Most single women are very normal people - they don't need to change. There isn't anything 'wrong' with them, apart from society making them feel like lepers or to be pitied in some way.
Hear, hear @LuluJakey1.
The vast majority of people who aren't in relationships are exactly the same as people who are in relationships -- they are no more or less attractive, troubled, pleasant, opinionated, demanding, nice to be around etc.
To turn the question around (as I think someone suggested upthread), it's interesting to think about why friends who are in longterm relationships/married are in those relationships, and not single.
Several of my university friends did teacher training, went straight back to their home towns, got a job in their own old school or somewhere close by, and married their childhood sweetheart/local boyfriend -- it fitted their life plan, and their boyfriends', which was to essentially replicate their parents' lives in the same place. And it seems to have worked.
My closest male friend an introvert with a horror of the unfamiliar definitely wouldn't be married with children (by his own account) if his longterm, long-distance girlfriend hadn't got fed up, proposed, organised the wedding, and pursued IVF when they didn't conceive naturally. (In fact this marriage is likely to end soon, because, unfortunately, he's completely unsuited to the daily demands of family life... I imagine he will remain single by choice then.)
Another very good friend (who is bi) had a serious relationship with a man on a postgraduate year abroad, then had a nervous breakdown after she'd returned to her own country, in part because of her highly-pressured PhD course, dropped out and went to live in his country, where she's now married to him with children -- happily, but not without regrets for the path she left behind. If she'd been happier in her studies and hadn't had a famously awful supervisor, she would (again, by her own account) be likely to have pursued relationships with women in her own country.

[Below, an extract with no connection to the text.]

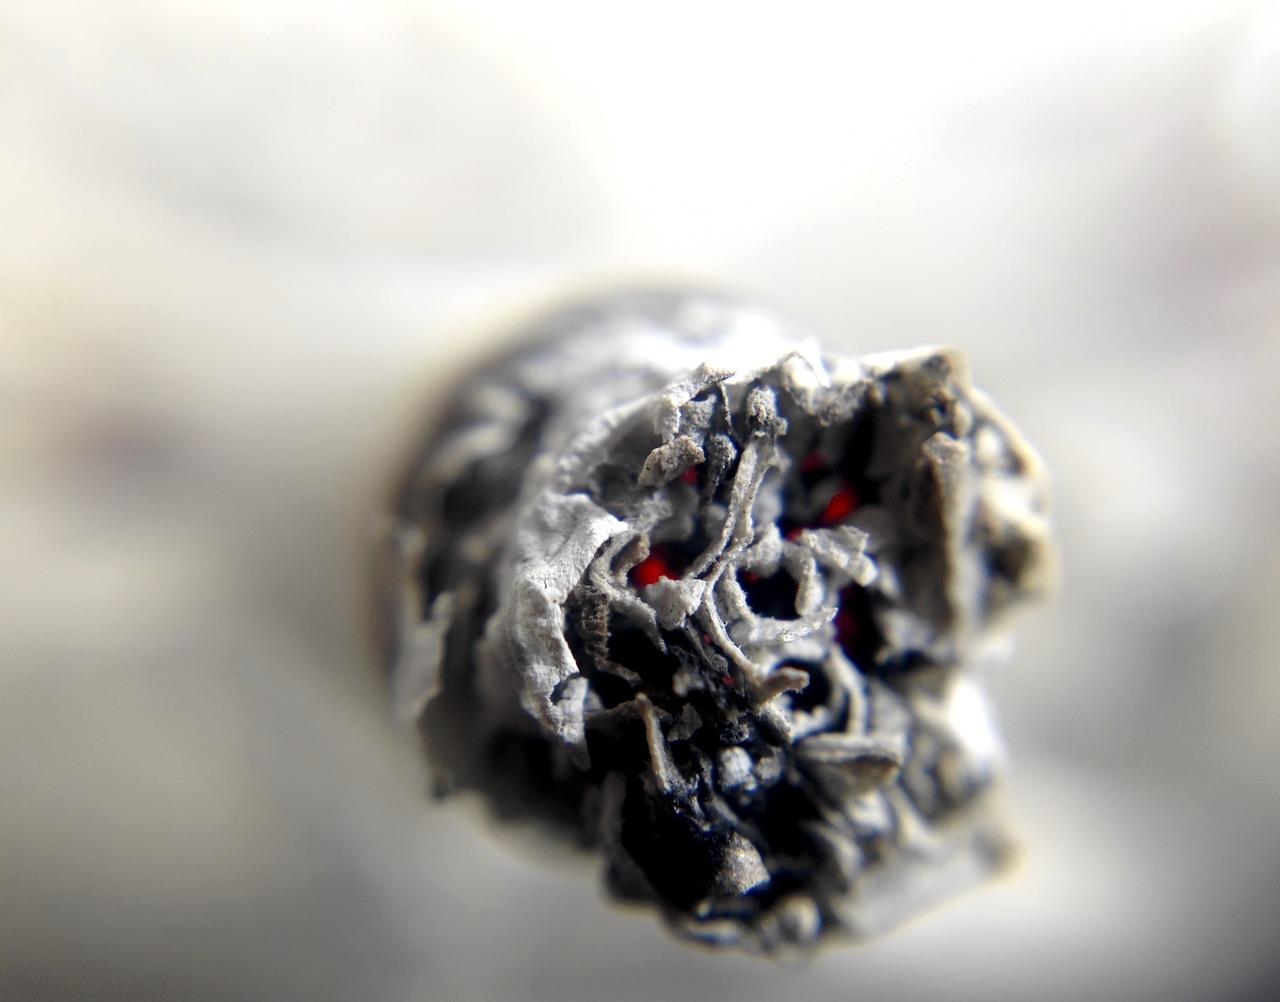 Vers des amendes forfaitaires pour usage de cannabis ?
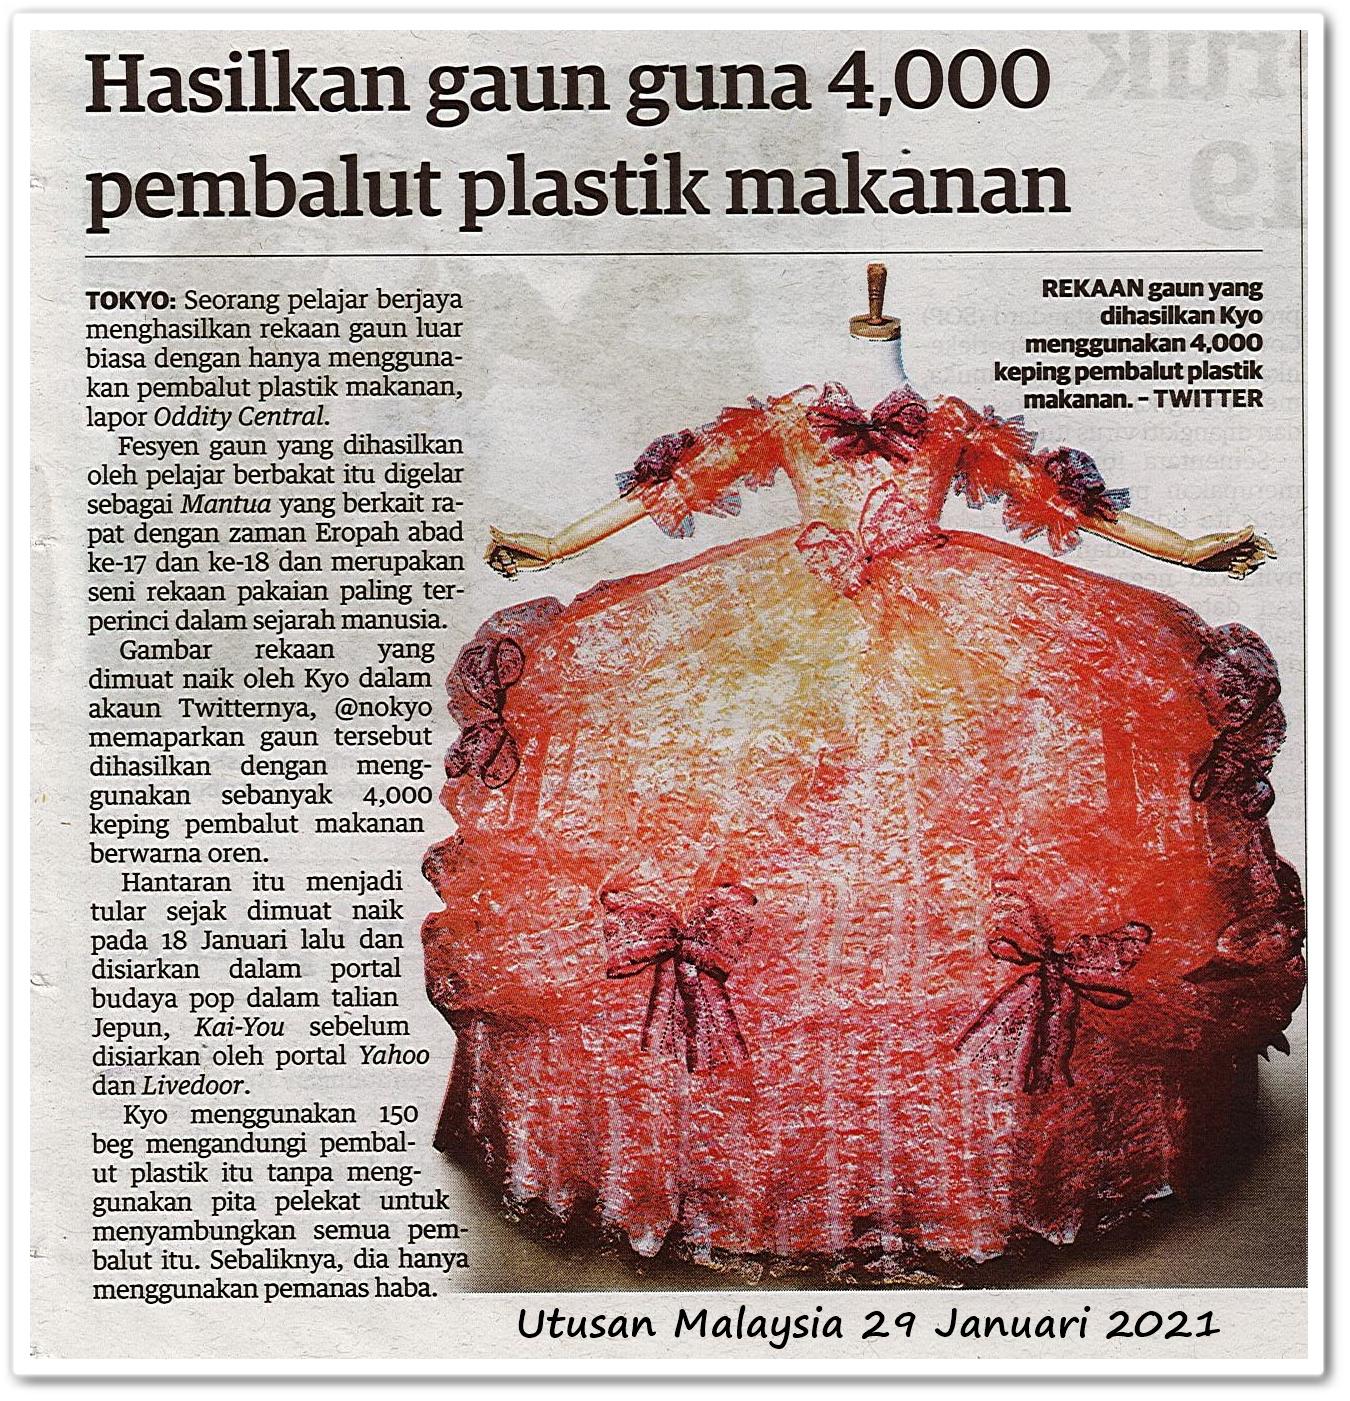 Hasilkan gaun guna 4,000 pembalut plastik makanan - Keratan akhbat Utusan Malaysia 29 Januari 2021

Another friend is married to a man she used to laugh about when casually dating him because she thought he was a bit of a nerd -- but then she had a serious car accident, he was enormously caring and nursed her back to health, and they married and have children. If she hadn't had the accident, their relationship is unlikely to have made it past casual dates.
The reasons people are married/coupled up are as various (and, I think) as essentially meaningless, as why people are single.